Data Analysis - Rocket

There have been many rocket experiments over the years carrying optical and in situ instruments to better understand the upper atmosphere, its energy inputs (solar EUV and precipitating particles), the ionosphere, excitation processes, and key model inputs such as electron impact cross sections. Dayglow, aurora, twilight, and nightglow rocket experiments have recorded data for key emission features from the near IR to the extreme ultraviolet. CPI and various scientific collaborators have performed data analyses for some of these experiments, specifically some key experiments that recorded dayglow and auroral emissions. Detailed fits to optical data have been made to investigate thermospheric composition, energy inputs, and cross sections. Examples of investigations utilizing CPI first principles models are Meier et al. [J. Geophys. Res., 85, 2177, 1980] (dayglow) and Strickland et al. [J. Geophys. Res., 105, 2461, 2000] (aurora). The latter paper addresses a particularly interesting experiment conducted by Aerospace Corporation scientists in which the rocket flew through a strongly disturbed region of the thermosphere.
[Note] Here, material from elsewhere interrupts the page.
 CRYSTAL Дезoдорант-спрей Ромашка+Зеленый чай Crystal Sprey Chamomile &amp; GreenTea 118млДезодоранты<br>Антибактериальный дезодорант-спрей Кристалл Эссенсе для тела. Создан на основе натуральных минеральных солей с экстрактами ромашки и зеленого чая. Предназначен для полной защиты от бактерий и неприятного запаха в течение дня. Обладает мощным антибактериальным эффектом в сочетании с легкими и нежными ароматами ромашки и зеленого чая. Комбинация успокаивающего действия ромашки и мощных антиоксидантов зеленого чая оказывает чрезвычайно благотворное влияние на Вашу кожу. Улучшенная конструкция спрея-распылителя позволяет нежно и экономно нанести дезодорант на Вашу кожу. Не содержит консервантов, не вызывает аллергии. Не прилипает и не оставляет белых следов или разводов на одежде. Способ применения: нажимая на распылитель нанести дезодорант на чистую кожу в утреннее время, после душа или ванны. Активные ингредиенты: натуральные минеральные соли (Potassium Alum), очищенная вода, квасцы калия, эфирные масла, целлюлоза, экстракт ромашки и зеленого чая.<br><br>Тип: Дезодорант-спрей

Included in the description of B3C, the first principles model used in the analysis, are model fits to the data that allow one to conclude that there is significantly less atomic oxygen than predicted from climatological models for undisturbed conditions.

Analyses like those cited above, while limited to a small geographical region, are valuable due to the altitude information contained in the data. Such information must be inferred from ground-based or satellite experiments (in the latter case when observing the Earth's disk).